Question

given that vector A + vector B + vector C =0 . out of these three vectors two are equal in magnitude and the magnitude of the third vector is √2 times that of either of the two having equal magnitude. then the angles between the vectors are?​

Answer 1

Answer:

the three vectors may form triangle

so.

the angles may be

45 , 90 ,45

Answer 2

Answer:

135,135,90

Explanation:

90,135,135 are the angle between the vectors as  asked in the question while the angle between the triangles are 90,45,45.

Now, if we have to measure the angle between the vectors then we have to take the direction cosines to our use while taking the interior angles will give a wrong result.

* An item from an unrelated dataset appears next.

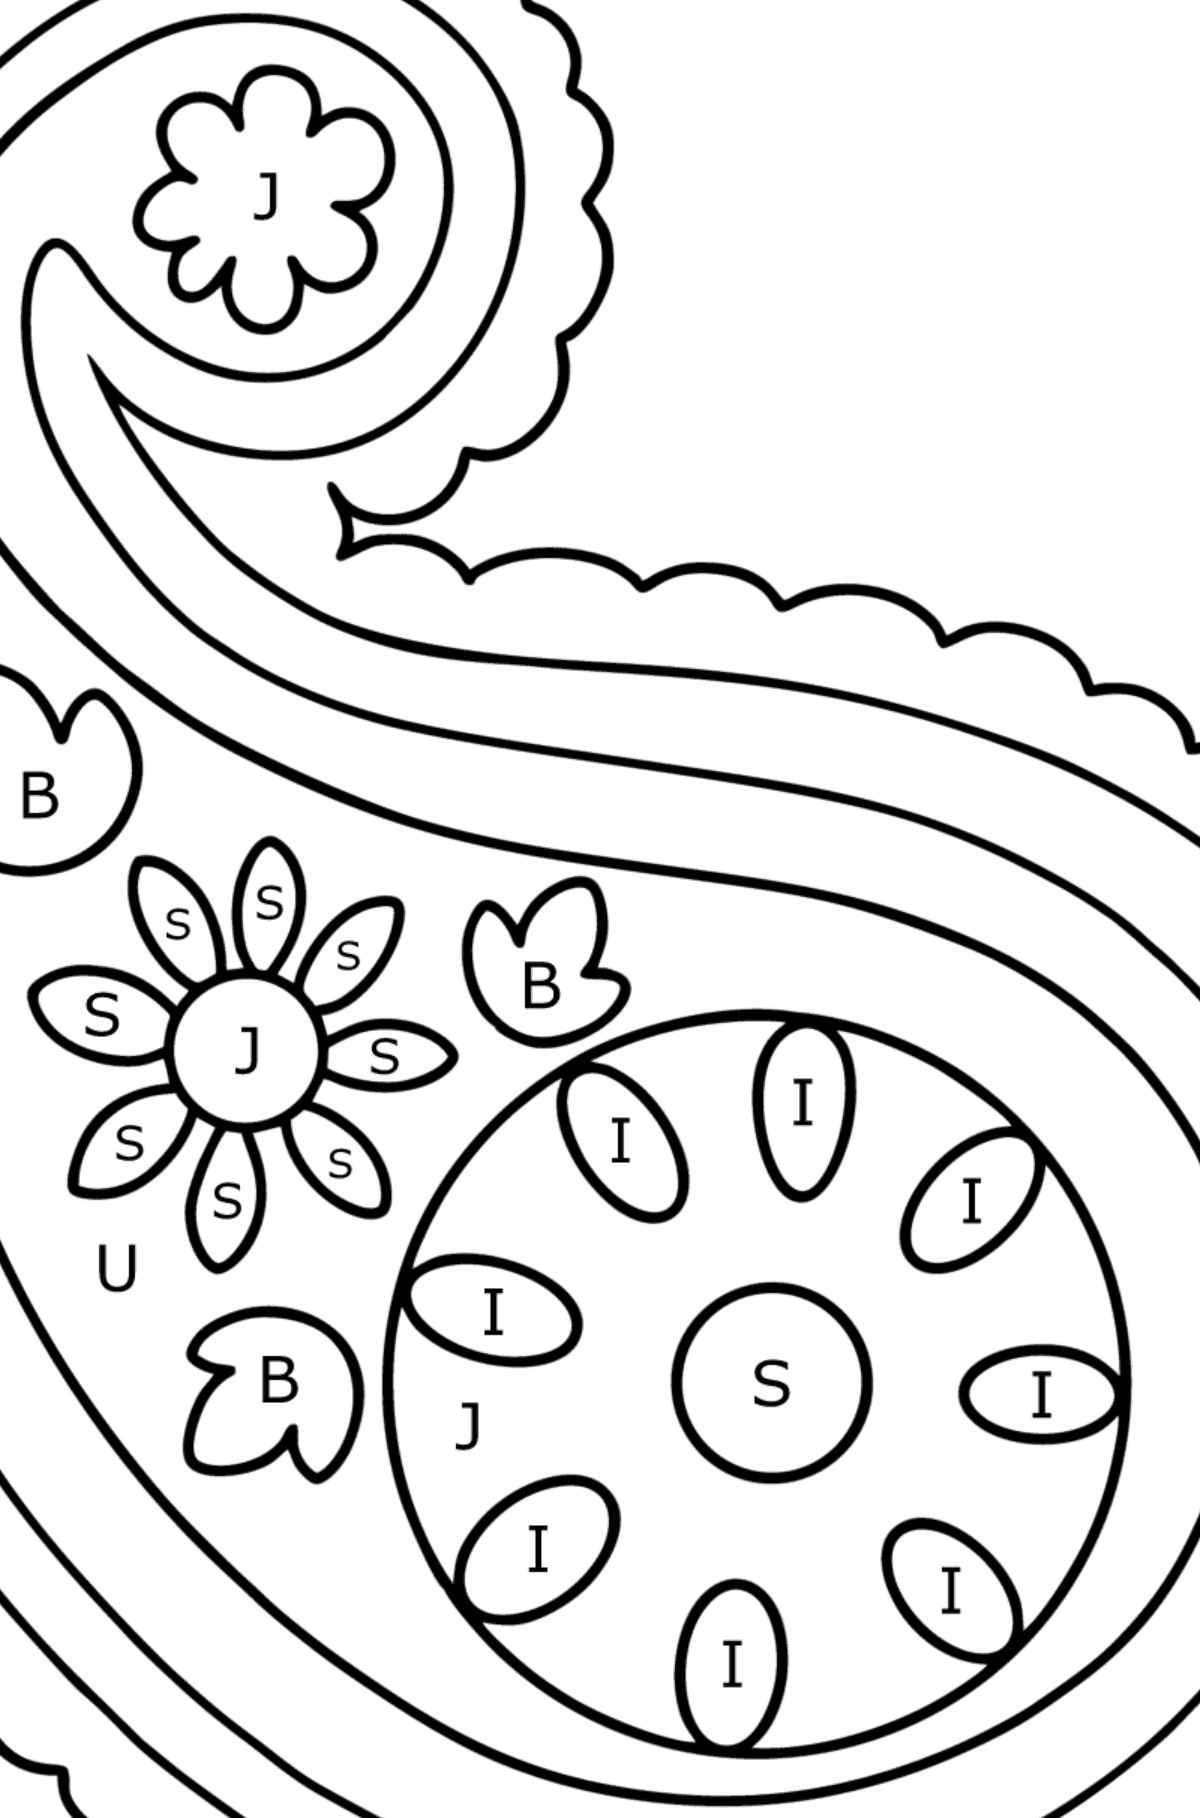 Cute Paisley coloring page - Coloring by Letters for Kids

As, in the question the vectors are given as A,B,C thus taking a triangle in which head of A touching tail of B and same goes for the rest.

Taking angles as x,y,z

Here,

A=B and C=$\sqrt{2}A=\sqrt{2}B$

$\frac{A}{sinx} =\frac{B}{siny}=\frac{C}{sinz}$

$\frac{A}{sinx}=\frac{C}{sinz}$

$\frac{A}{sinx} =\frac{\sqrt{2}A }{sin(180-(x+x))}$

$\frac{1}{sinx}=\frac{\sqrt{2} }{sin(2x)}$

$\frac{1}{sinx}=\frac{\sqrt{2} }{2sinxcosx}$

cosx=$\frac{1}{\sqrt{2} }$

x=45.

y=45.

z=90.

Thus angle bet A and B vector=180-z=90.

Thus angle bet B and C vector=180-x=135.

Thus angle bet C and A vector=180-y=135.